__INSTRUCTIONS FOR THE TASK__. When you reach a picture, skip it, and retype every line below exactly.

__DATA BELOW__.
[Start of section]
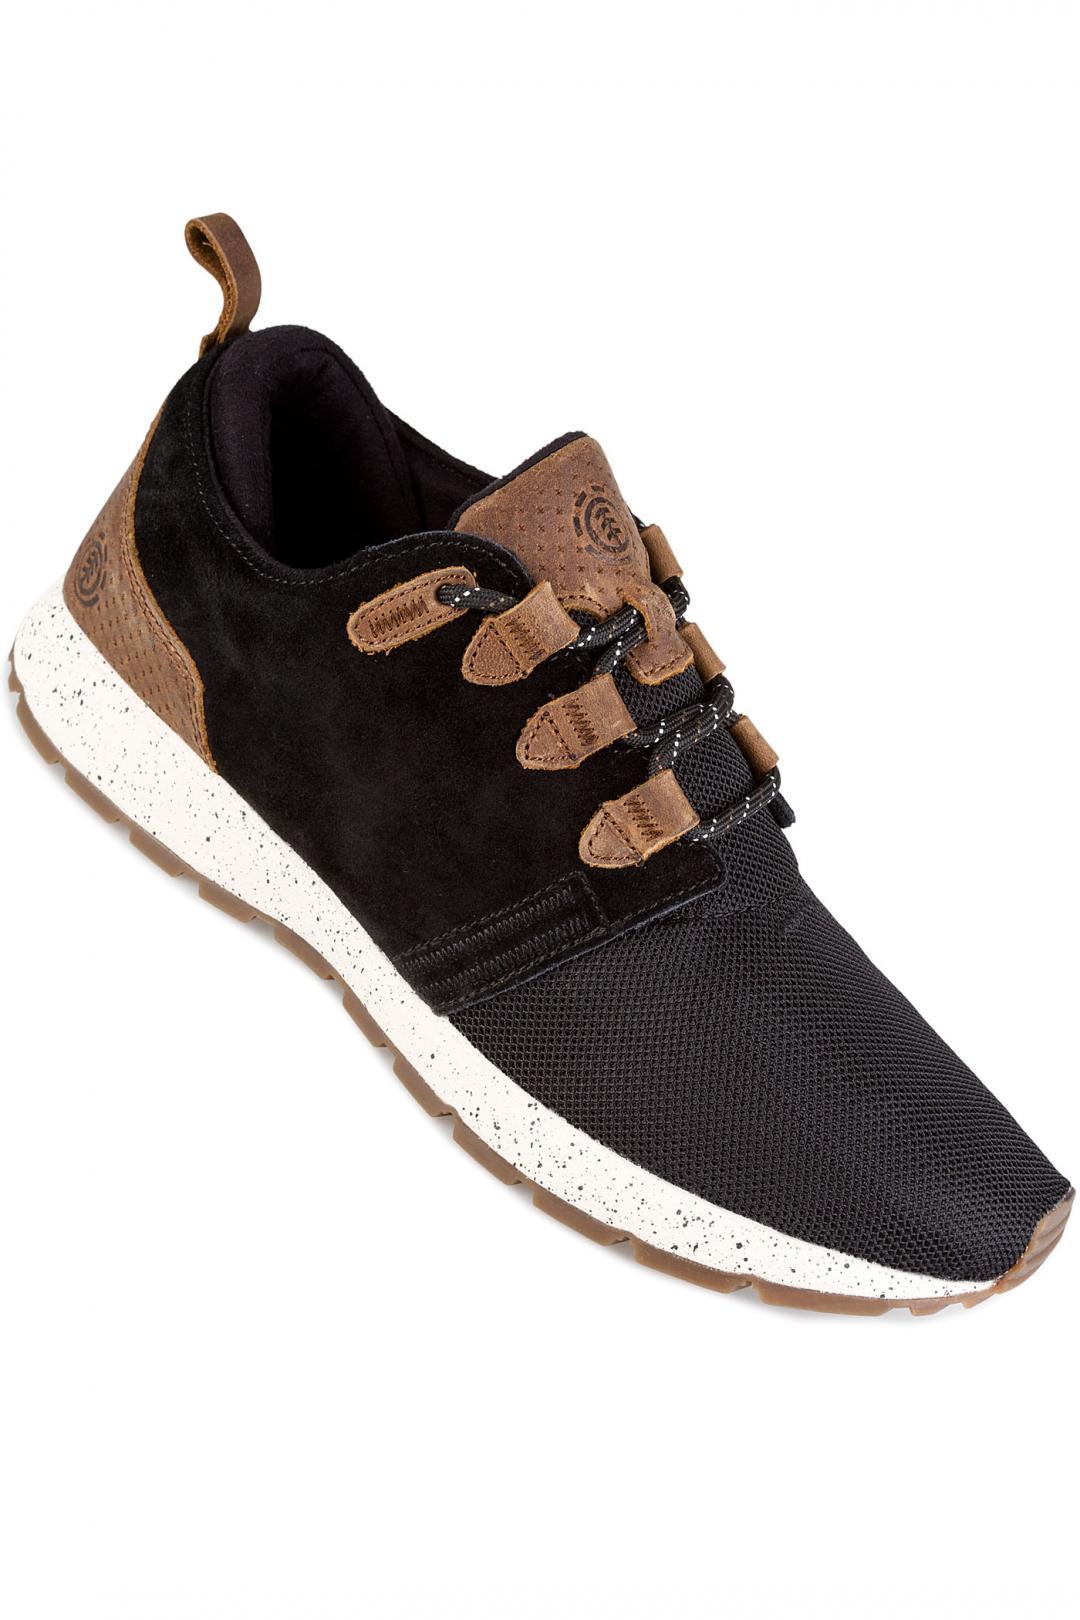 Uomo Element Mitake black taupe | Sneakers low top
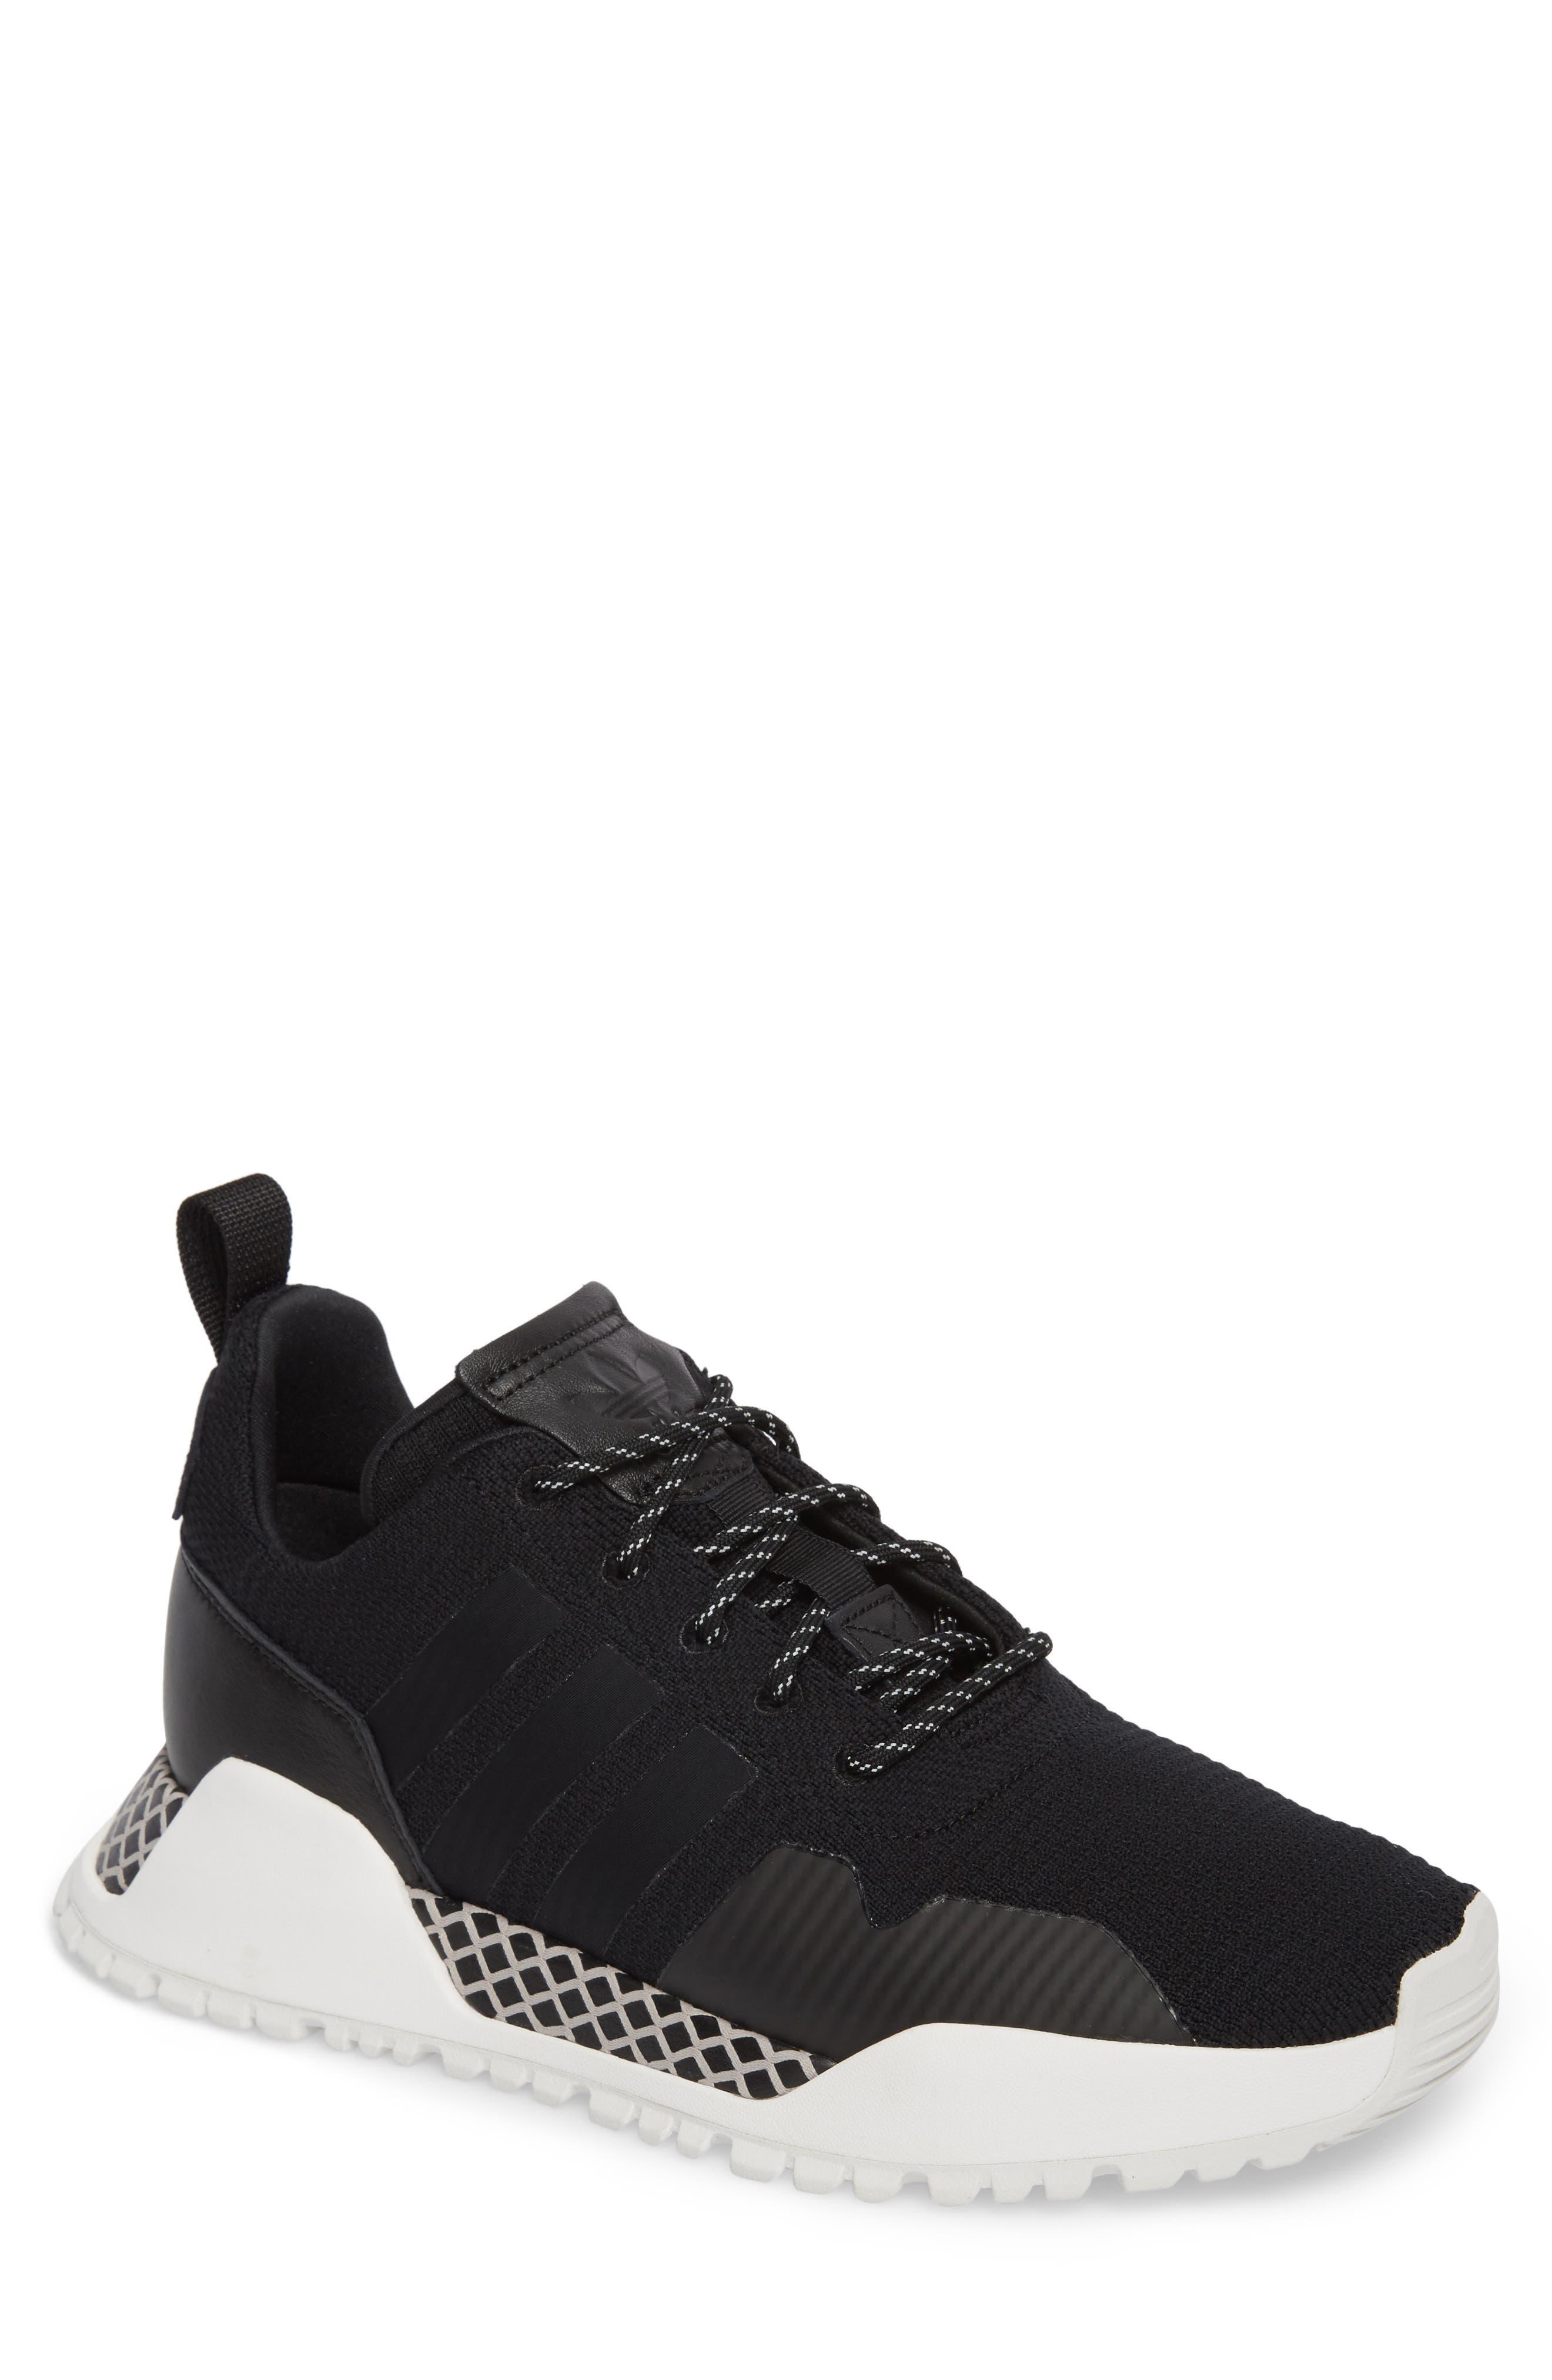 adidas F/1.4 PK Water Repellent Sneaker (Men)
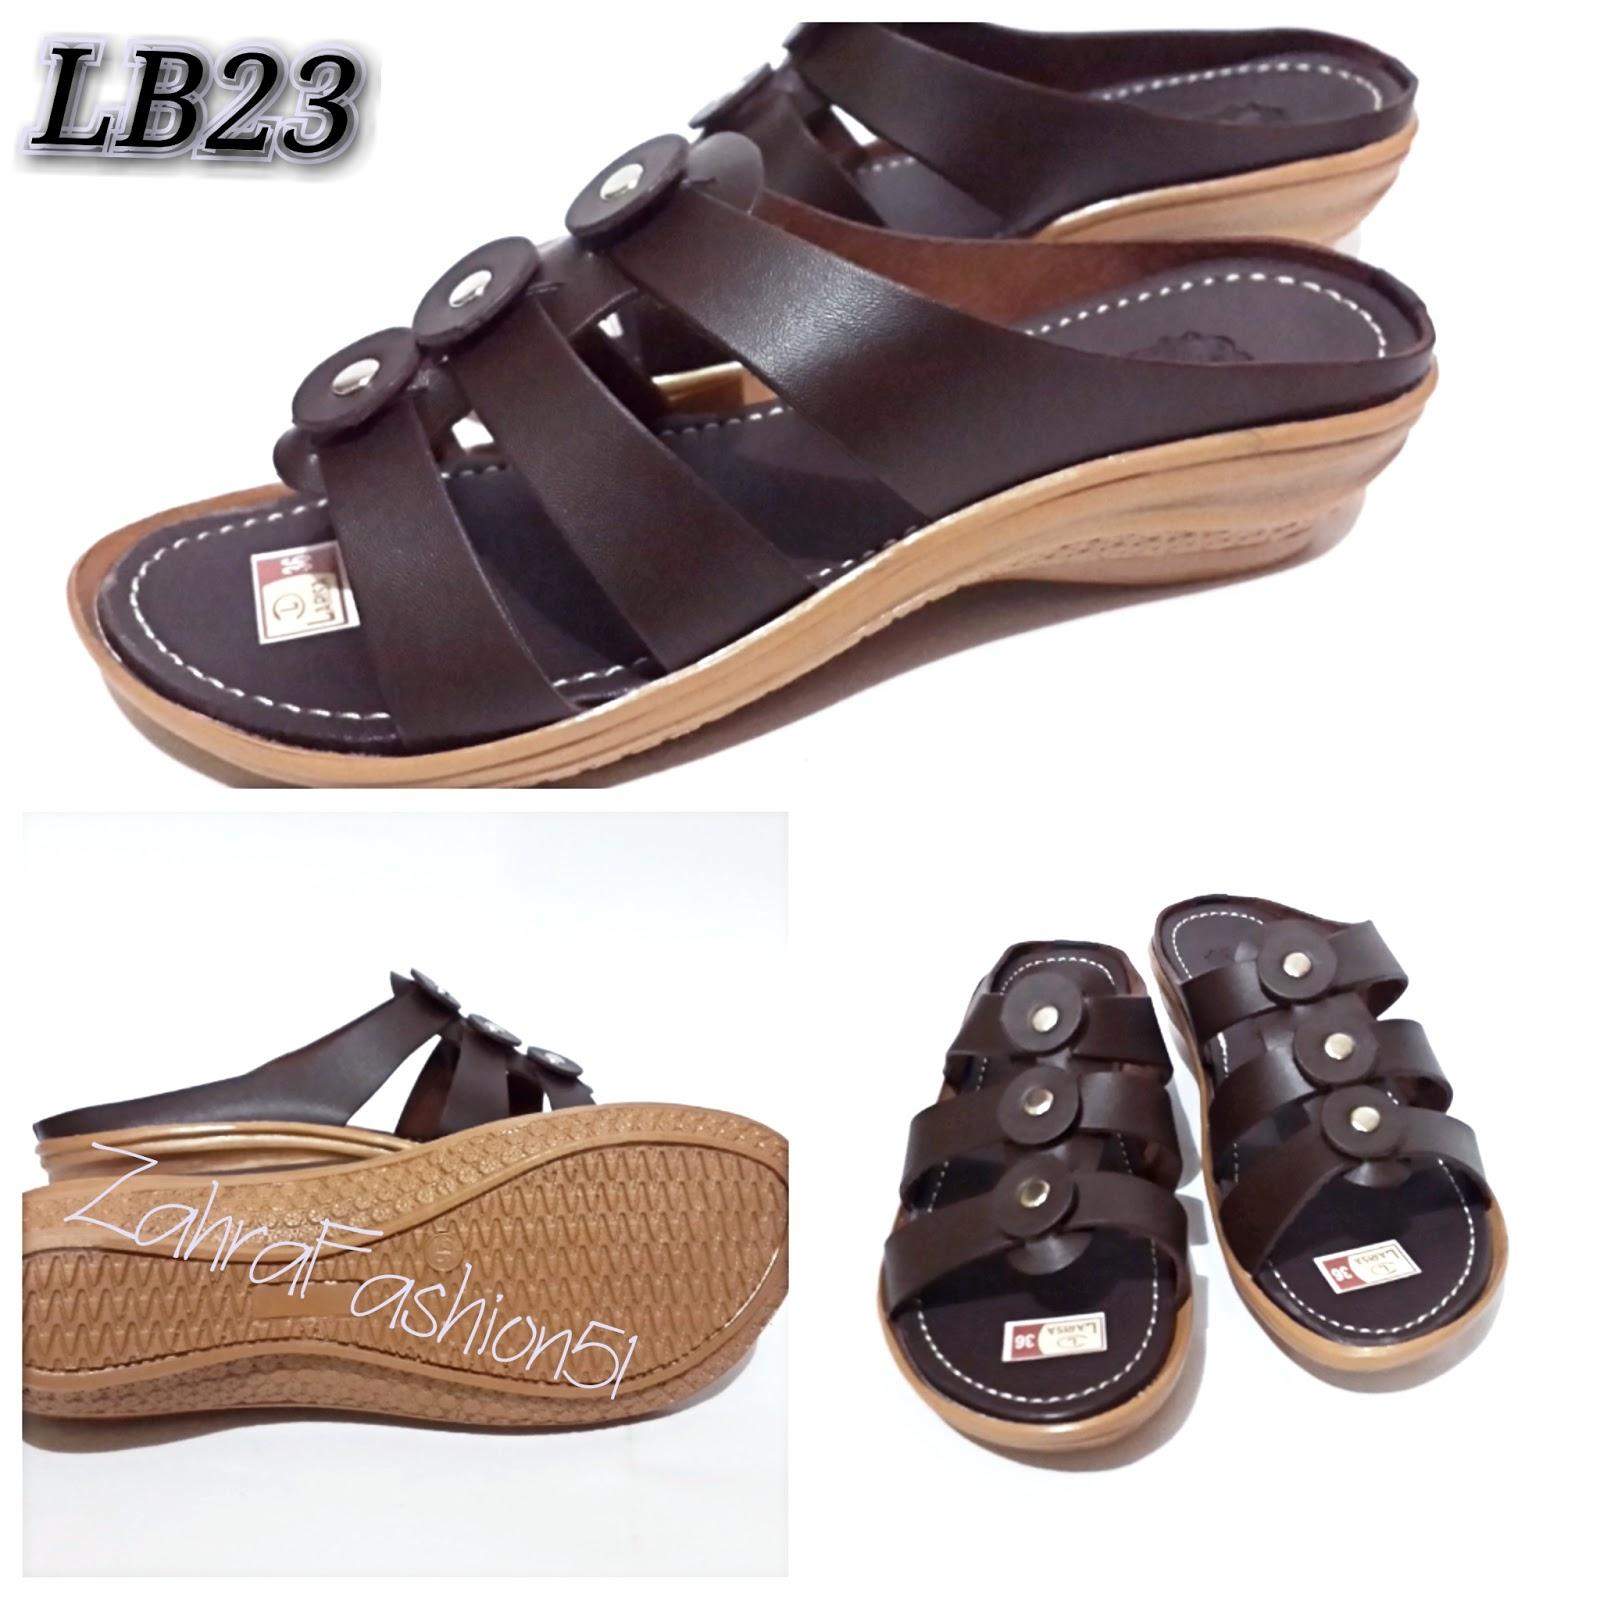 Sandal Wanita Heels Hitam Satu Ban3 Daftar Harga Terkini Dan Sepatu High Fs62 Coklat Larisa Borongsong
[End of section]
__RESPONSE TO THE TASK__.
 Uomo Element Mitake black taupe | Sneakers low top
 adidas F/1.4 PK Water Repellent Sneaker (Men)
 Sandal Wanita Heels Hitam Satu Ban3 Daftar Harga Terkini Dan Sepatu High Fs62 Coklat Larisa Borongsong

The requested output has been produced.